Param (student): Mika-talk is the world we occupy, sir. We youngsters cannot choose or discard our ministers or the law, for we are young and certainly not ‘relevant’ for the country’s agenda as we are not adding to GDP. But we can choose or discard the actors and singers who inhabit our iPods and Facebook.

Vyas (student): How does it matter if Mika is right or not? Where is the truth in the news, sir? You tell us, how come newspapers are selective about what stories they give attention to and what not? How come some past sins are dug out but others not? Some of us here read Badri Raina on ZNet… they give us thoughts to think. Whereas newspapers only give us events.
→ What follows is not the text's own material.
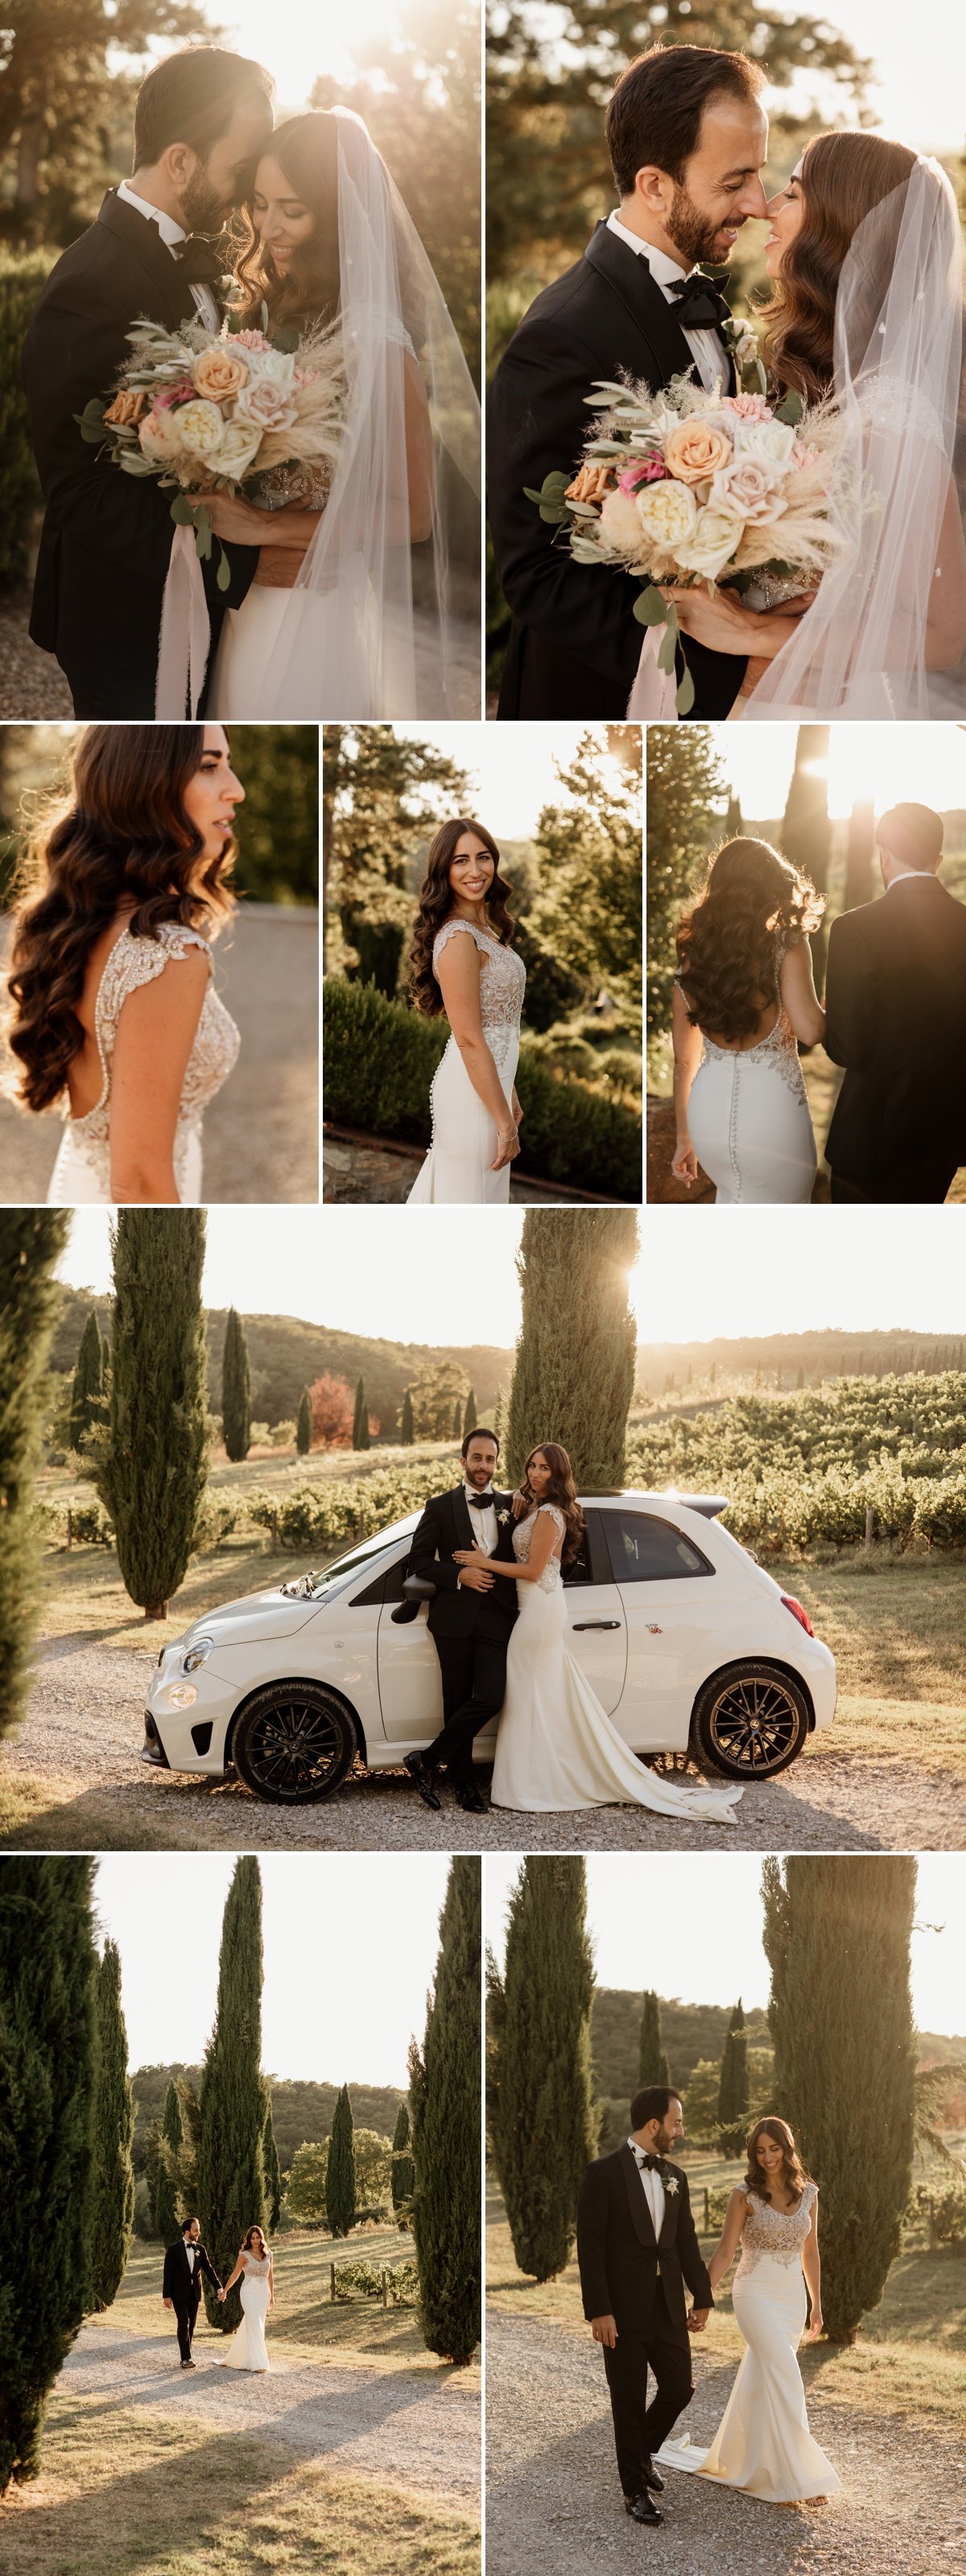 tuscany-wedding-dallk-16.jpg

Back in his office after the class, Dhawal said to the teachers conferring with Bhrigu Pant, “What paradox! Class 12 students do not seem to be attracted to mainstream news! They read the business papers and The Economist, but that is all business and commerce. What about the world they live in? Today, Sridhar Vyas has hit the nail on the head. He says newspapers are just event reporters. And I now understand what he means; the newspapers are not challenging them! News channels, too, have become like theatre performances with high-pitch voices, dramatic arguments and a generous garnish of Bollywood debates. Tiger Woods or Rakhi Sawant become far more worthy of conversation than starvation deaths in Orissa or BT brinjal or the judge in Karnataka! Their interaction with news is fleeting and flippant.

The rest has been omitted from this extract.